By Jorge Comensal
Translated by Charlotte Whittle
Among other things, “The Mutations,” a feisty first novel by the Mexican writer Jorge Comensal, is a dark, extended lawyer joke, made at the expense of Ramón Martinez. A decadent urban professional about to enjoy another pork sandwich, Ramón becomes a dyspeptic, housebound mute after the sudden pain he feels at his favorite cantina turns out to be a tumor, “which throbbed in his mouth like a tiny, misplaced heart.” Comensal’s brisk, if at times diffusive, storytelling — in a translation by Charlotte Whittle that conveys both his blunt and sharp humor — coheres around the question of how a person (as well as his family members, friends and colleagues) deals with the felt and future consequences of sudden dire news.
After Ramón perceives that he has more to worry about than a missed lunch, the novel proceeds through a cycle of doctors’ appointments, treatments, counseling sessions, recuperations and reckonings with the inevitable. All this activity is marked most dramatically by a “total glossectomy,” the removal of Ramón’s entire tongue. The procedure ends his law practice even as it fails to prevent the cancer from spreading. Comensal moves through several responses to Ramón’s worsening situation, most of which encourage the proud atheist’s fatalistic, interior raging and bleak flights of fancy. After he returns from the hospital to humiliating home-care and insomniac television-watching, he fantasizes about the alpha dad agency he will regain by purchasing Japanese knives advertised on an infomercial: “He pictured himself sauntering through the house with the roast beef knife, carving things up for his own amusement. He would have butchered at least half of the decorative throw pillows Carmela had piled onto the living room armchairs.”
Ramón’s wife, Carmela, is generally patient with him, except when he turns to mercenary estate planning, even if this is motivated by a sincere desire to ensure his family’s future financial security. His obsessive plotting of the prospects of his wife and children is also a pre-emptive move against his wealthy brother, Ernesto, who gives him an extortionate emergency loan and drunkenly serves up insults at Ramón’s 50th-birthday party — until Ramón finally answers him with a champagne bottle to the head. The faux-fratricide results in Ramón going to consult with Teresa, a marijuana-dealing therapist who spends a lot of time in therapy herself.
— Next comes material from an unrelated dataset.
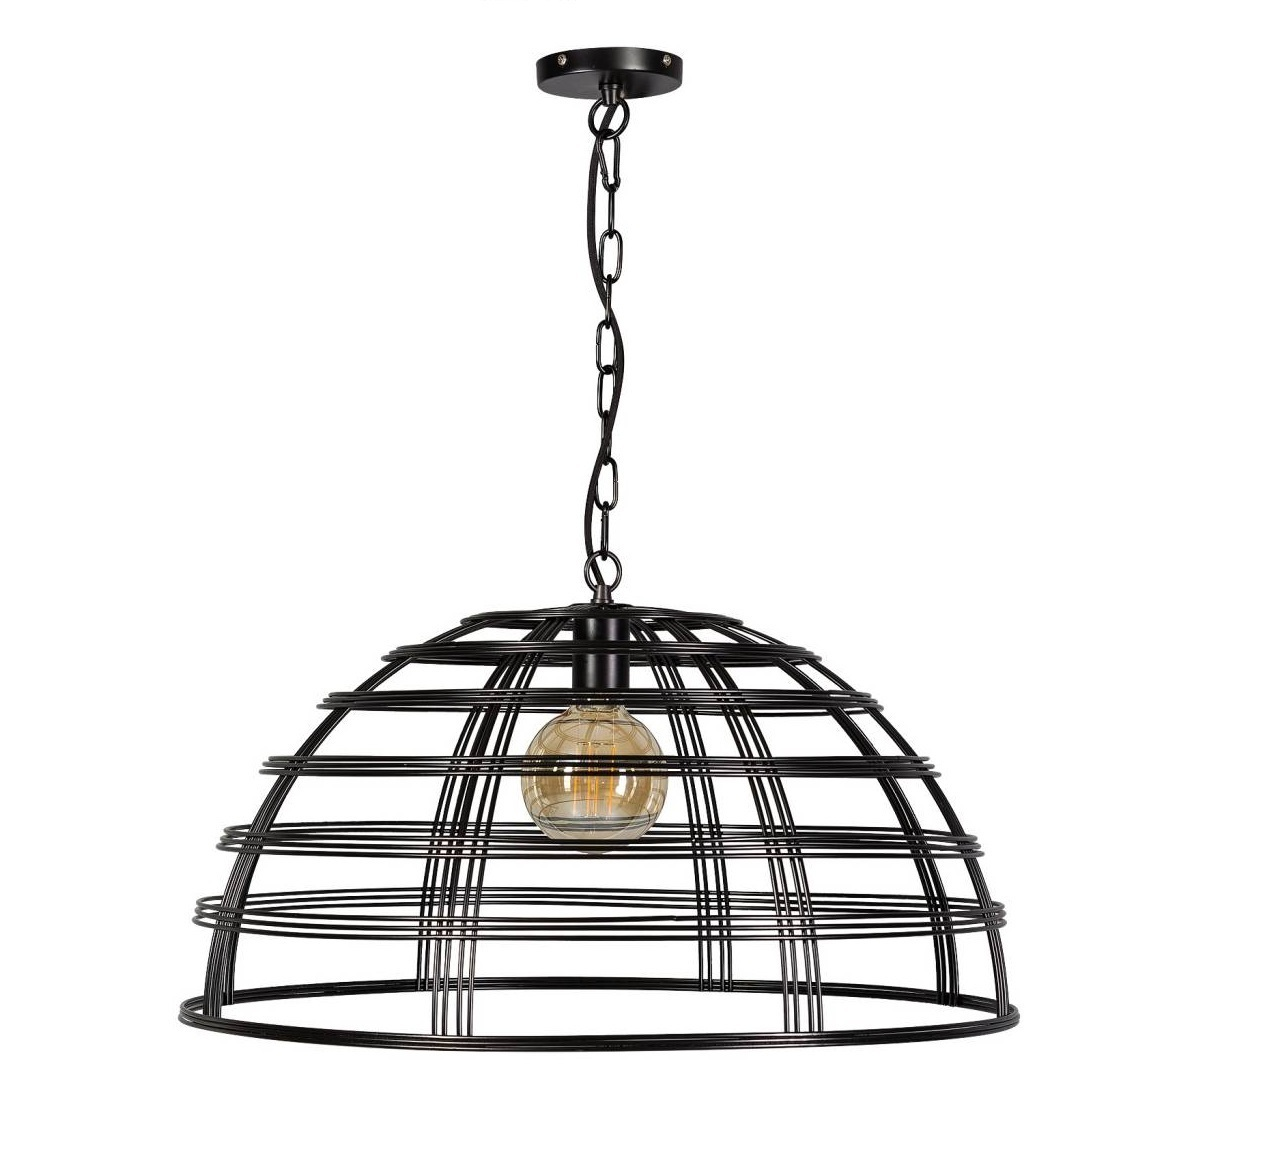 Hanglamp Barletta zwart groot

Hers is one of the novel’s straggling secondary plotlines, which generally feature characters connected to Ramón through his illness, none of which hold the same charge of high-stakes black humor as his.
The only other character in the novel that Comensal invests with an interior dimension and sense of life and death capable of matching Ramón’s (if not besting it) is Elodia, the family’s pious Roman Catholic maid. She’s also responsible for providing him with an unorthodox source of palliative care that he cherishes far more than Japanese knives and memories of pork sandwiches: a parrot. Ramón becomes intensely, even jealously focused on the bird, a ragged creature Elodia brings to him from a city market. To his delight and Elodia’s horror, the parrot is only capable of swearing. Unsurprisingly, given the comic, allusive and metaphoric potential of the pairing, Comensal makes much of an angry, dying man’s mute efforts to communicate while accompanied in his final days by a loud, caged bird prone to harsh expressions and indifferent to being understood.
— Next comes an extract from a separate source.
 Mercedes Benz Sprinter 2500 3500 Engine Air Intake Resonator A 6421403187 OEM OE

At novel’s end, Comensal turns to a more provocatively ironic situation, when the character most concerned with God’s mercy must decide what kind of mercy she should offer the character who is least interested in it. This makes for a little too neat and obvious a dilemma and resolution, especially when compared with the case Comensal prosecutes elsewhere in “The Mutations” for the funny, messy unexpectedness of life, death and potty-mouthed pet birds.